A new wearable device developed by scientists from Cornell University is able to capture a person's facial expressions using a sonar and reproduce them as a digital avatar. Avoiding cameras could mitigate privacy concerns.
EarIO, this is the name of the device, is hyper simple. It consists of an earphone with a microphone and a speaker on each side, and can be connected to any normal earphone. Loudspeakers play sound pulses outside the range of human hearing, and their echoes are picked up by microphones, just like sonar works.
The echo profiles change depending on facial expressions: for this reason, appropriately trained algorithms recognize the variations received from the sonar and translate them into images.
EarlO, sonar that “sees” things from sounds
“Thanks to the power of artificial intelligence, our algorithm builds intricate connections between muscle movement and facial expressions that humans cannot perceive,” he says Ke Li, one of the study's co-authors. “It can be used to extract very complex information: that of the entire front of the face.” The research was published in the journal Proceedings of the Association for Computing Machinery on Interactive, Mobile, Wearable and Ubiquitous Technologies. And I link it to you here.
The team tested EarIO sonar on 16 participants, running the algorithm on a regular smartphone. And the device was able to reconstruct facial expressions as a normal camera/video camera could. Background noises such as wind, talking or street noise did not interfere in the slightest with its ability to register faces.
Technology from 007
The researchers point out that sonar has several advantages over using one camera. Acoustic data consumes much less energy and processing capacity, allowing you to use smaller and lighter devices. Cameras can also collect a lot of additional personal information that users may not want to share, so sonar may be safer.

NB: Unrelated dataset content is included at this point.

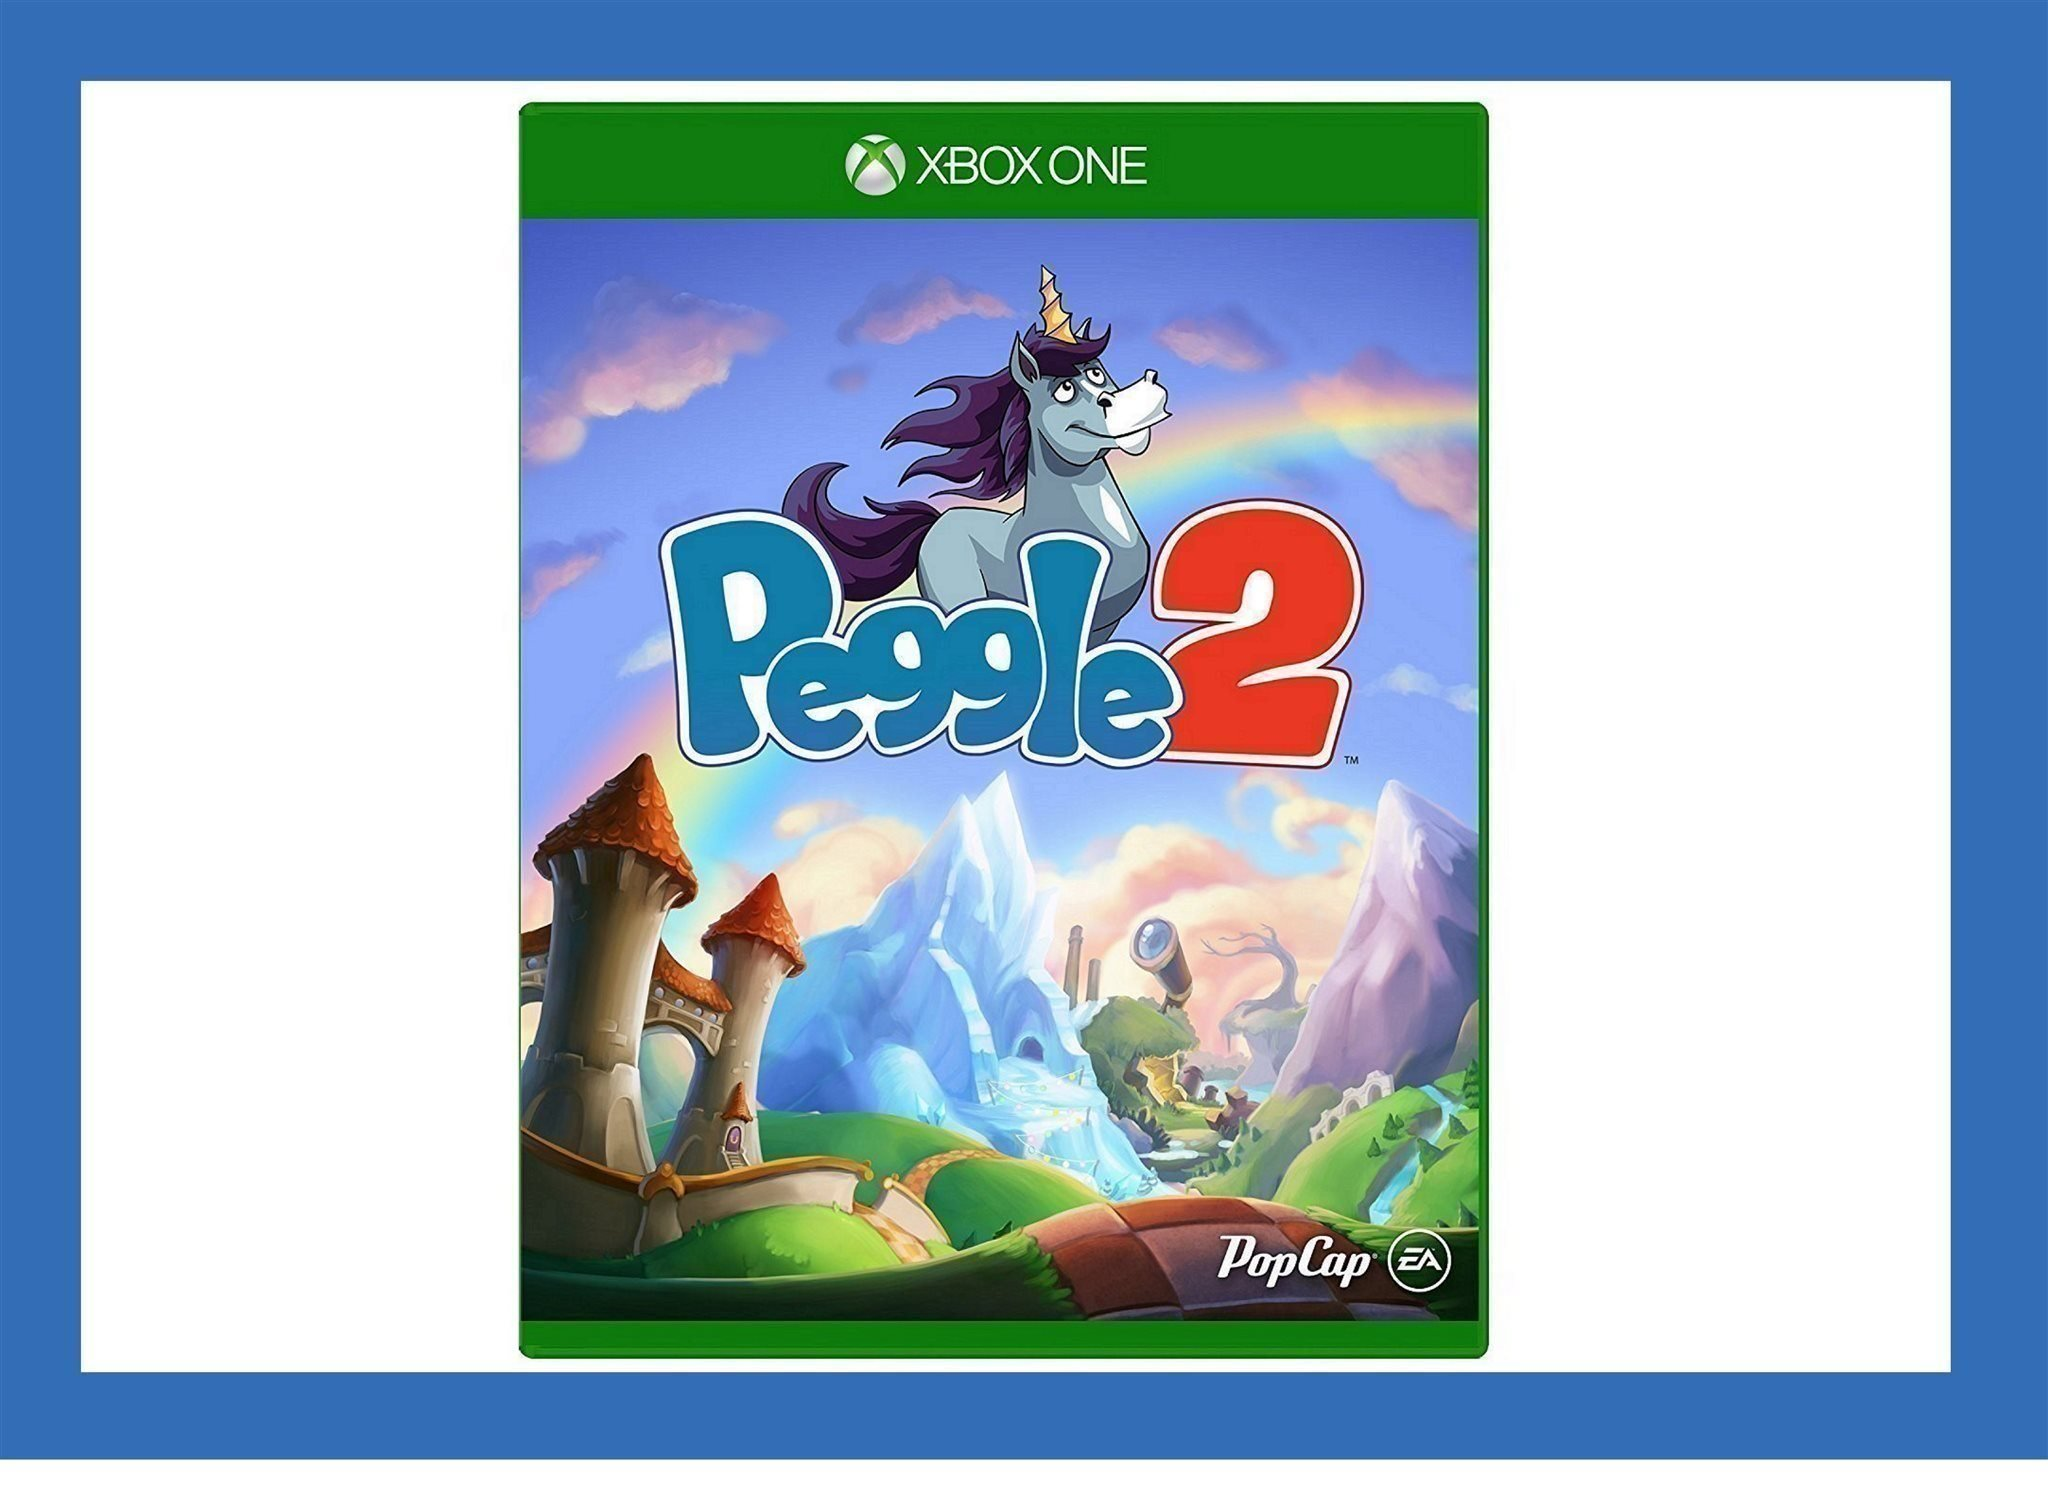 cc5a6d12548 Peggle 2 - XBOX ONE/XBOX 360 - XBOX LIVE (353542216) ᐈ Köp på Tradera
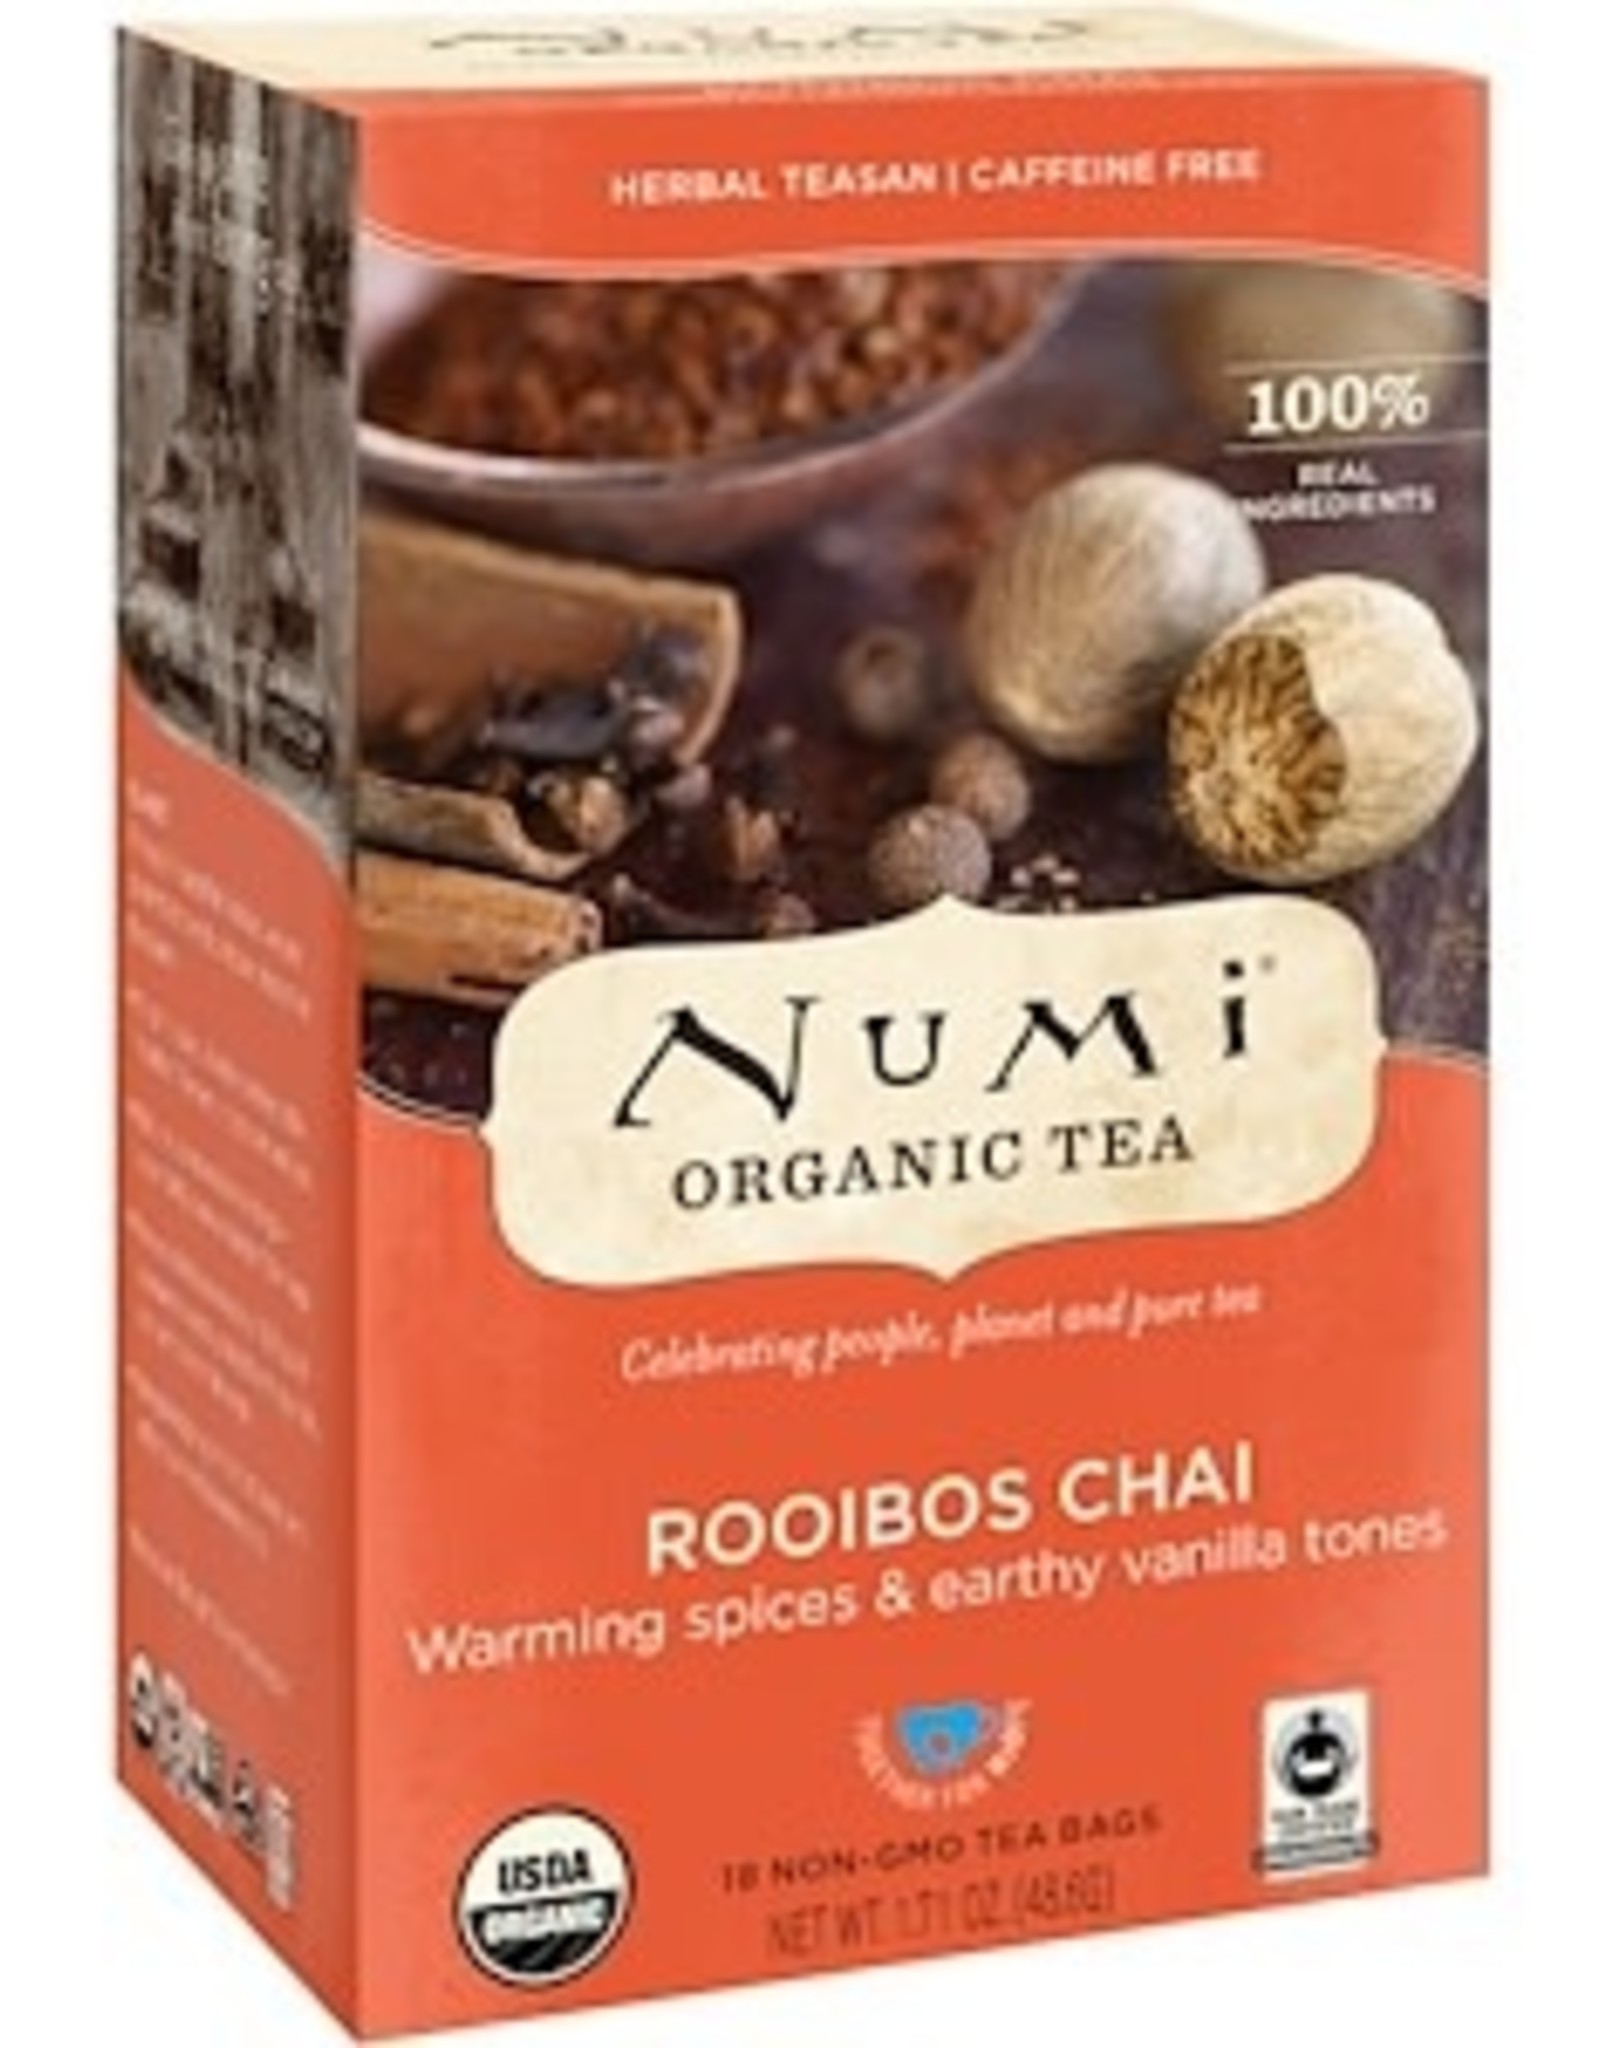 Numi Organic Tea-Rooibos Chai 18 ct

Of course, flying with my imagination I imagine a technology like this silently "stuck" in a normal earphone, and I think it can remotely transmit lip movements and expressions also for surveillance purposes. This time, however, I see more practical uses for it.
Which? First of all, those in the gaming sector: a practical way to replicate physical facial expressions on a digital avatar for games, virtual reality or the metaverse. Now the team is working to exclude other interferences, such as when the user turns his head, and simplify the training system for the AI algorithm.
We'll see. That is, to hear. In short, you understand.